The color rushed into Julie’s face.
“Say,” he pursued, watching her from under the drooped lids of his pig eyes, “What was you doin’ sittin’ out on the church steps last night, when everybody else was inside?”
So Edward Black, of all people, had seen her!
“Nothing—it wasn’t anything,” she stumbled, knowing that her voice sounded frightened, and that her cheeks were blazing.
“Oh, yes, it was nothin’! Nothin’ be dogged! Folks don’t turn red like that over nothin’. Well, I’m goin’ to tell people how Julie Rose goes to prayer-meeting!”
But here Number Twelve whistled down the line—a clear burst of sound, cutting joyously through the air. Edward Black had to supply Julie with her ticket, and so she was delivered.
It was on her way back from Red River that Julie first saw Timothy Bixby.
The shopping trips to Red River were always occasions of discomfort to Julie. It was unnerving to her to be shaken out of her accustomed rut of Hart’s Run. Out in the unfamiliar streets of the larger town, she always felt strange and dreadfully conspicuous. Henr’etta Crossman, who had been Henr’etta Wilkinson, Julie’s schoolmate in Hart’s Run, and with whom Julie generally took dinner when she came to Red River, was apt to call jovial attention to Julie’s unhappy self-consciousness. “Come right in to its momma,” she would greet Julie, enfolding her against her large bosom. “Nothing didn’t bite you comin’ up street, did it!”

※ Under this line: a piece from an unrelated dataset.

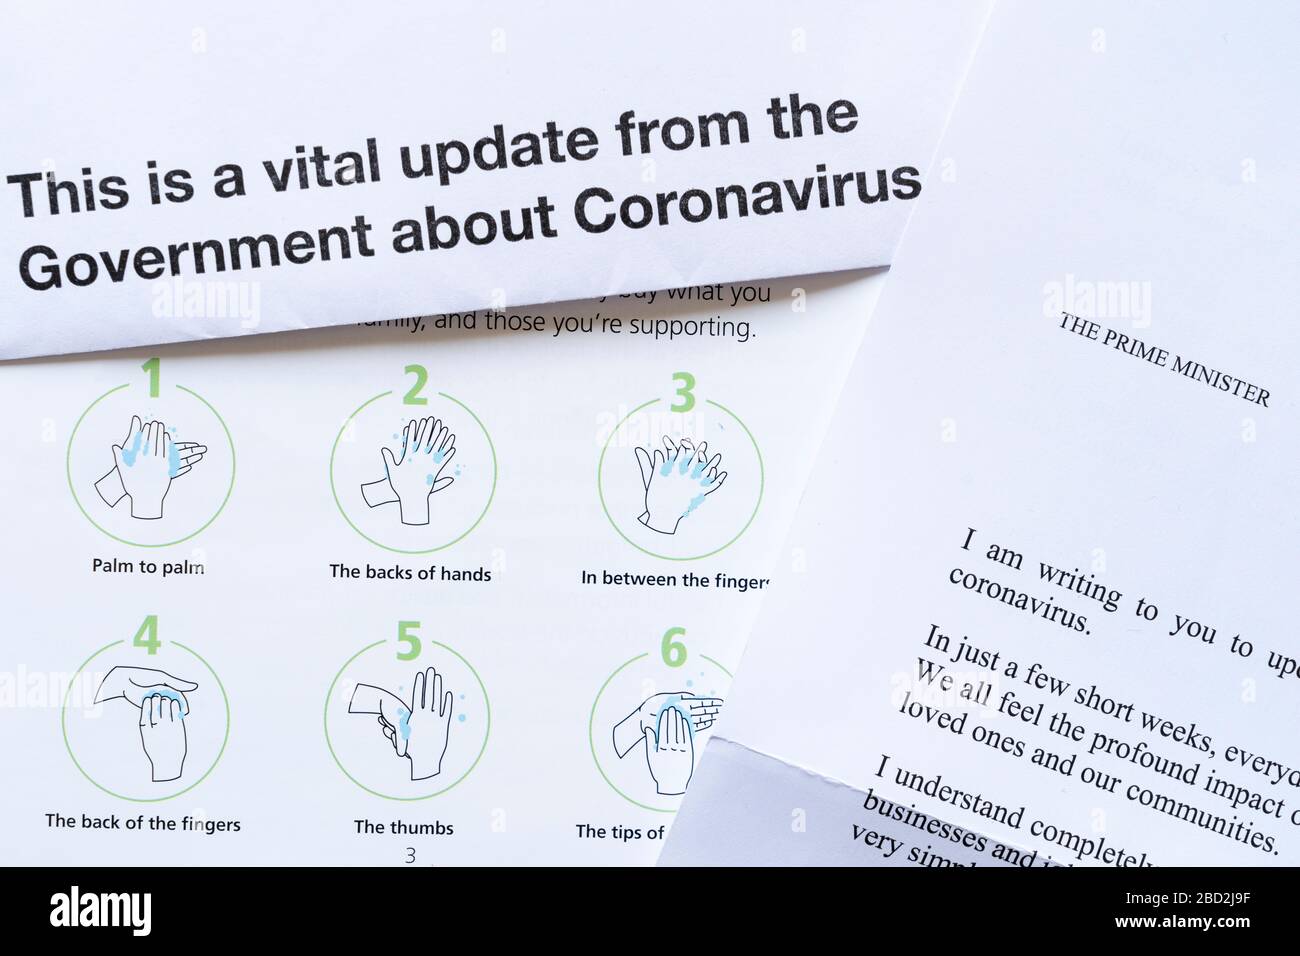 Offizielles Schreiben der HM-Regierung an alle britischen Haushalte als wichtiges Update für die Öffentlichkeit über Coronavirus Covid-19 während der Pandemie, April 2020 Stockfoto

A day in Red River spent in Henr’etta’s society left Julie limp, crushed by the other’s exuberant self-confidence, with all the delicate antennæ of her personality brushed aside, as a butterfly’s wing is brushed by a too rough touch.
The day in question was no exception. Indeed, after her wretched night, Julie was more than ever drained of all vitality when she boarded the afternoon train for Hart’s Run, squeezing herself and her bundles down into a seat beside a fat woman with a bulging suit-case. “Henr’etta certainly is kind,” she told herself wearily, “but someway, being with her always makes me feel mighty small, she’s so big and sure of herself. And Red River, too, it always makes me feel like I was out naked in the world. Why,” she thought suddenly, “that’s just what Mrs. Anderson said. She said I was pretty nigh as naked as that little bird, and it’s just the truth!”